12 lições da INDIA para o BRASIL

 

O que o próximo presidente da República pode aprender com um país que cresce 8% ao ano

Ela é mais parecida com o Brasil do que se imagina. Tem impostos indecentes e um ambiente hostil aos negócios. Tem legislação trabalhista anacrônica e uma infra-estrutura sofrível. Lá, como aqui, o governo gasta muito - e mal. E o Fundo Monetário Internacional (FMI) vive cobrando - sem sucesso - a realização das reformas tributária e fiscal para o país entrar numa rota de crescimento sustentado. Acredite, é isso mesmo. A Índia, a queridinha dos investidores internacionais, o novo eldorado da economia global, padece basicamente dos mesmos males do Brasil. Por que, então, ela cresce 8% ao ano, enquanto nós não chegamos nem a 3%?

 


FUTURO DO PASSADO - O Taj Mahal, em Agra: a auto-estima nacional agora não depende só das obras históricas

É provável que nem mesmo os maiores especialistas saibam responder a essa questão. Para tentar esclarecê-la, ÉPOCA foi ver de perto o que a Índia tem que o Brasil não tem. Foi investigar como o exemplo indiano pode ajudar o país a voltar a crescer com vigor e atender a suas enormes demandas sociais. Conversamos com empresários, executivos, economistas e políticos do governo e da oposição. Visitamos empresas de tecnologia, indústrias pesadas e órgãos governamentais.
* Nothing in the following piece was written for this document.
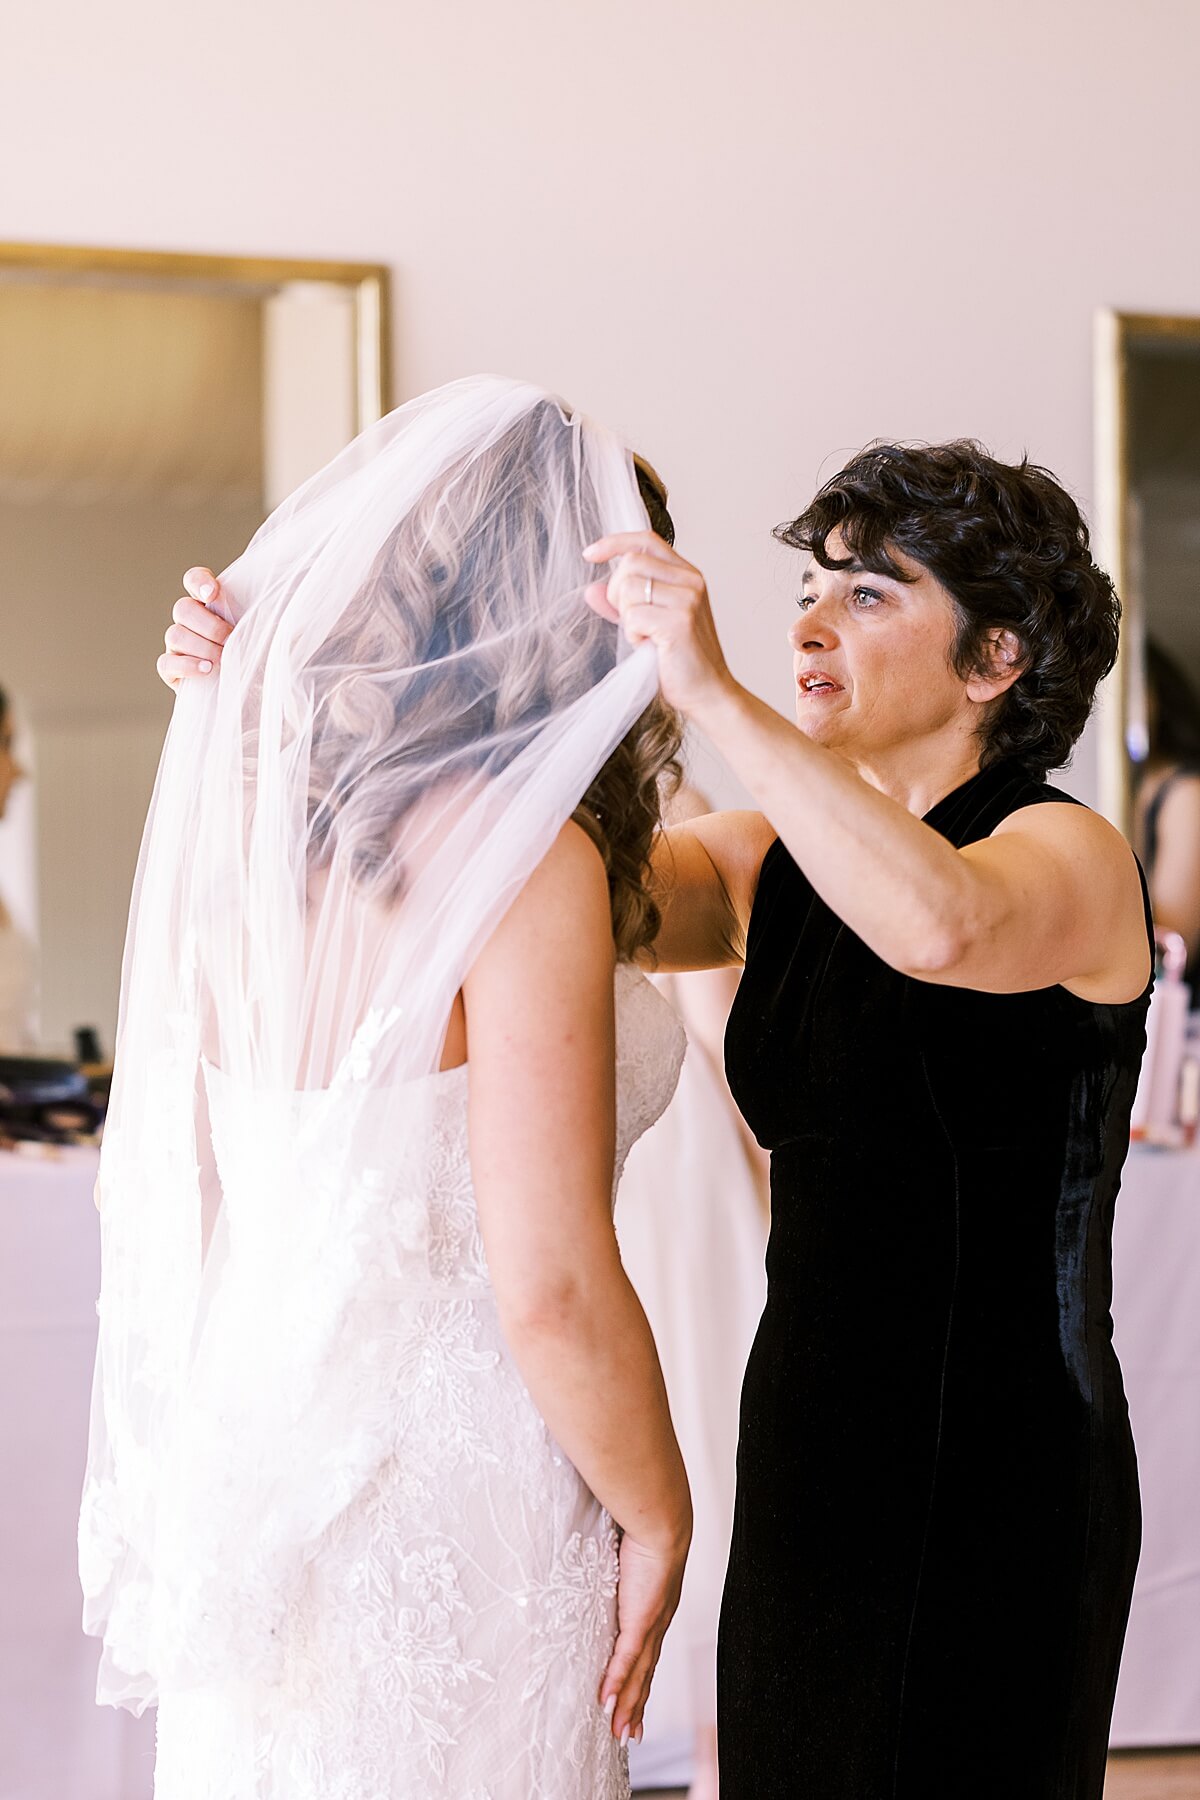 brides mom putting veil on her daughter

Sentimos o pulso das ruas de grandes cidades, como Mumbai (antiga Bombaim, o centro econômico do país), a capital Nova Délhi e Hyderabad, novo pólo indiano de tecnologia. De tudo o que vimos, extraímos 12 lições da Índia para o Brasil.  

Hoje, é consenso entre os especialistas que a principal missão do próximo governo brasileiro será fazer a economia crescer. Depois de termos conquistado a estabilidade econômica, nosso próximo desafio será elevar as taxas de crescimento. Só assim a economia pode ganhar o dinamismo necessário para gerar empregos e atrair investimentos. É justamente na questão do crescimento que a Índia nos oferece um exemplo.  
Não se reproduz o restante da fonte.